Figure 2. Mapping adjustment iteration.

The two main factors that dictate the convergent behavior of the algorithm are the *excitation distribution function* and the *functional layer function*.

The *excitation distribution function* determines how the next excitation is selected. At early stages of the placement process, the excitation distribution function is uniformly distributed over the available chip area. As the placement convergence, the excitation distribution function is generated to be more densely occupied cells, producing more compact placements.

The *functional layer function* determines how excitations diminish in strength as they propagate away from the active gate. Typically, an exponentially decaying function is used. Fast decay rates work well early in the placement process (macroplacement), and fast decay rates are used late in the placement process (microplacement and optimization).

#### Steinberg Algorithm

The Steinberg algorithm [Steinberg, L. The backboard wiring problem: A placement algorithm. SIAM Review, 3 (1961) 37-50., Chen, W. and Wang, K. Placement. Department of Electrical

Engineering and Computer Science, University of Illinois at Chicago. Published in Zobrist, G. Routing, Placement, and Partitioning, chapter 5. Alex Publishing Corporation, 1994., Brixius, N. and Anstreicher, K. The Steinberg Wiring Problem. University of Iowa] is a powerful technique that quickly improves an existing placement. First, a set of gates is generated in which no gate is connected to any other gate in the set. To produce such a set, the algorithm starts out with a random gate and then keeps adding gates that are not connected to the gates already in the set. This is done without worrying much about the yet unplaced gates. Next, these gates are unplaced and then placed optimally in relation to their placed functional neighbors. Finally, a new independent set is generated, and the process is repeated. The Steinberg algorithm converts the placement optimization problem from a combinatorial NP-complete problem into iterations of O(n) problems, each improving the placement quality.

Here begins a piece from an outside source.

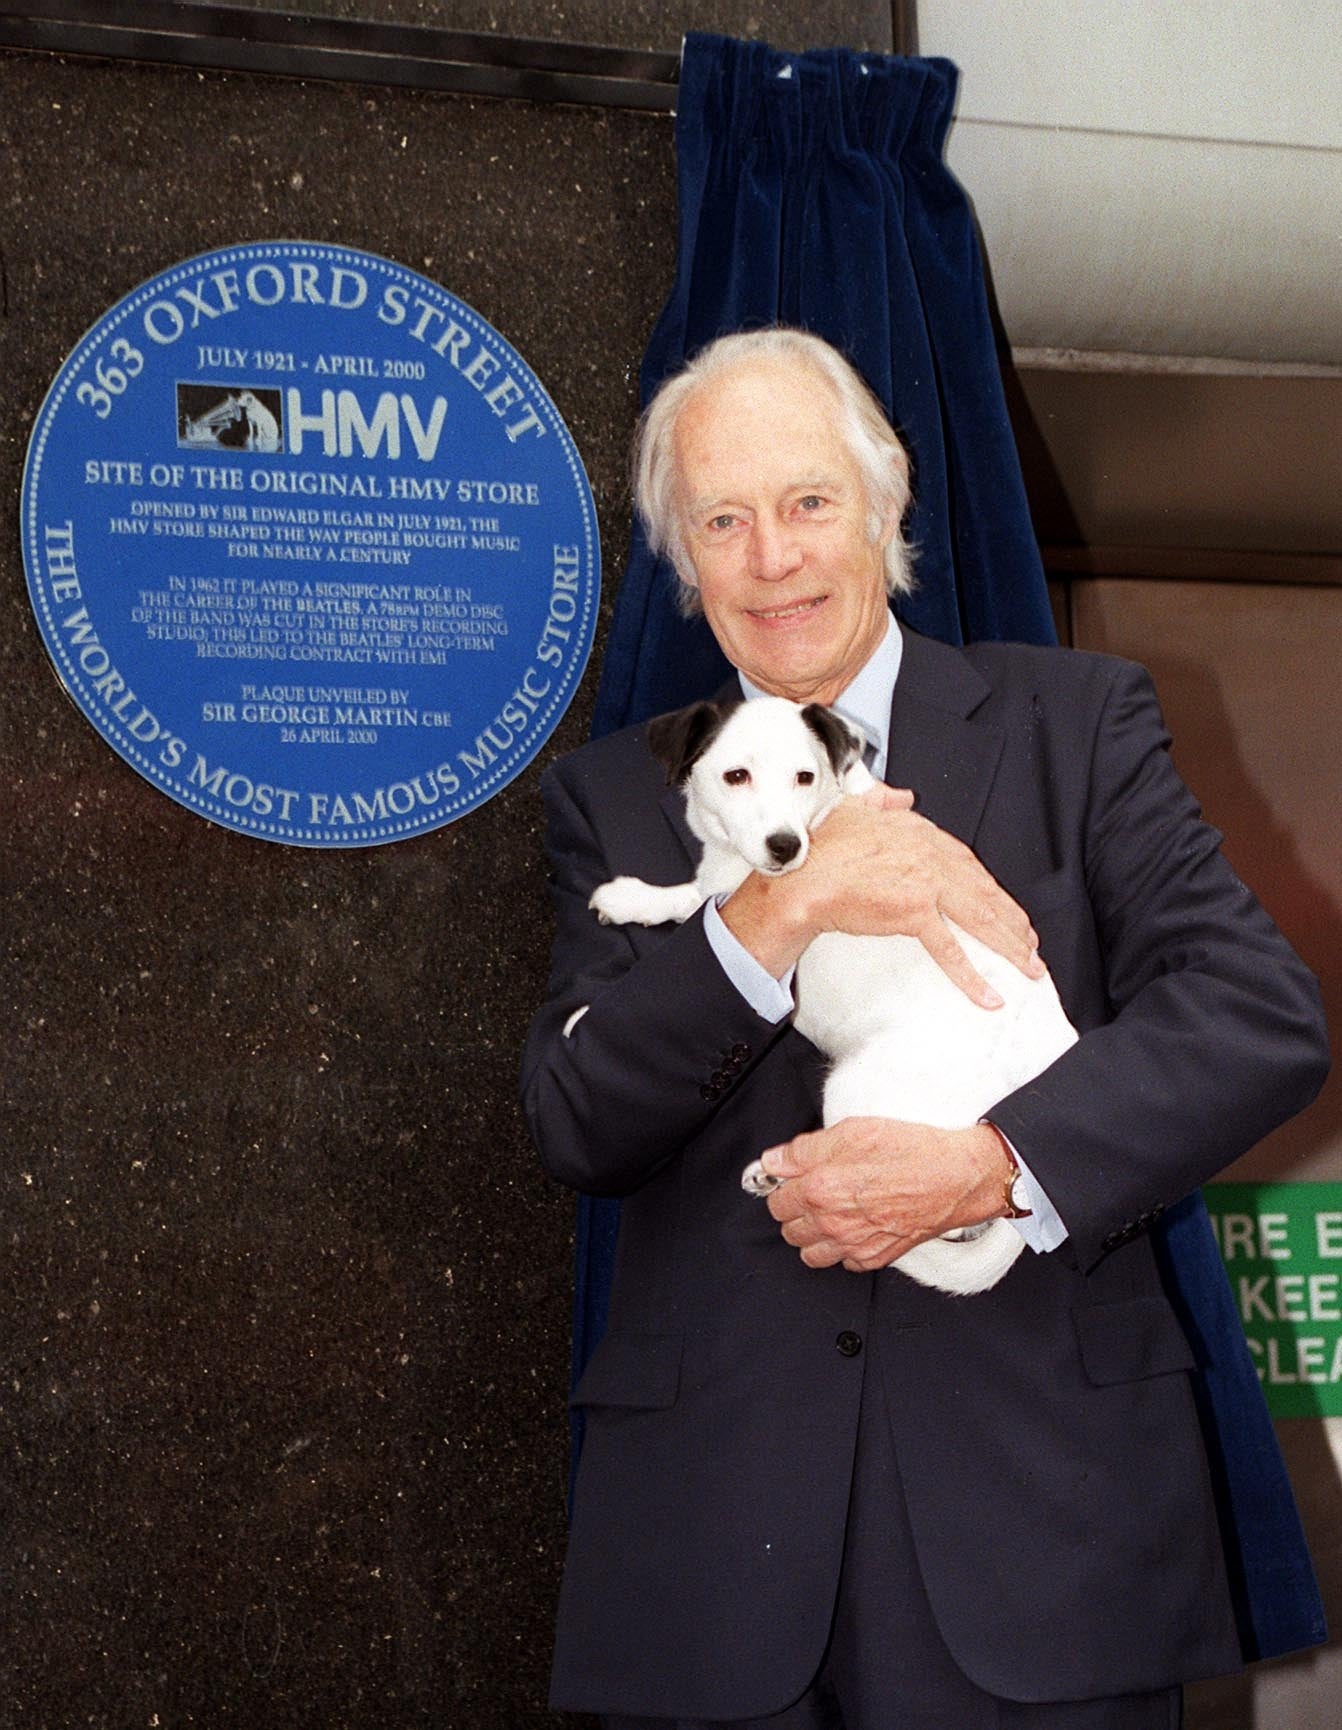 Beatles producer Sir George Martin with Nipper the dog, at the unveiling of a plaque, in London's Oxford Street, to record the role the record store played in bringing the Beatles to fame in 2000

### **Selection Criteria**

The listed algorithms are not all mutually exclusive. A successful solution may involve a combination of these algorithms executed sequentially or iteratively. For example, my experimentation suggests that the effectiveness of simulated annealing can be greatly increased by interspersing its iterations with iterations of the Steinberg algorithm.

To select a combination of algorithms for placement and routing of Cell Matrix circuits, I evaluated how effectively they addressed a set of intermediate goals that I found to be essential for a successful Cell Matrix compiler. This section describes these intermediate goals.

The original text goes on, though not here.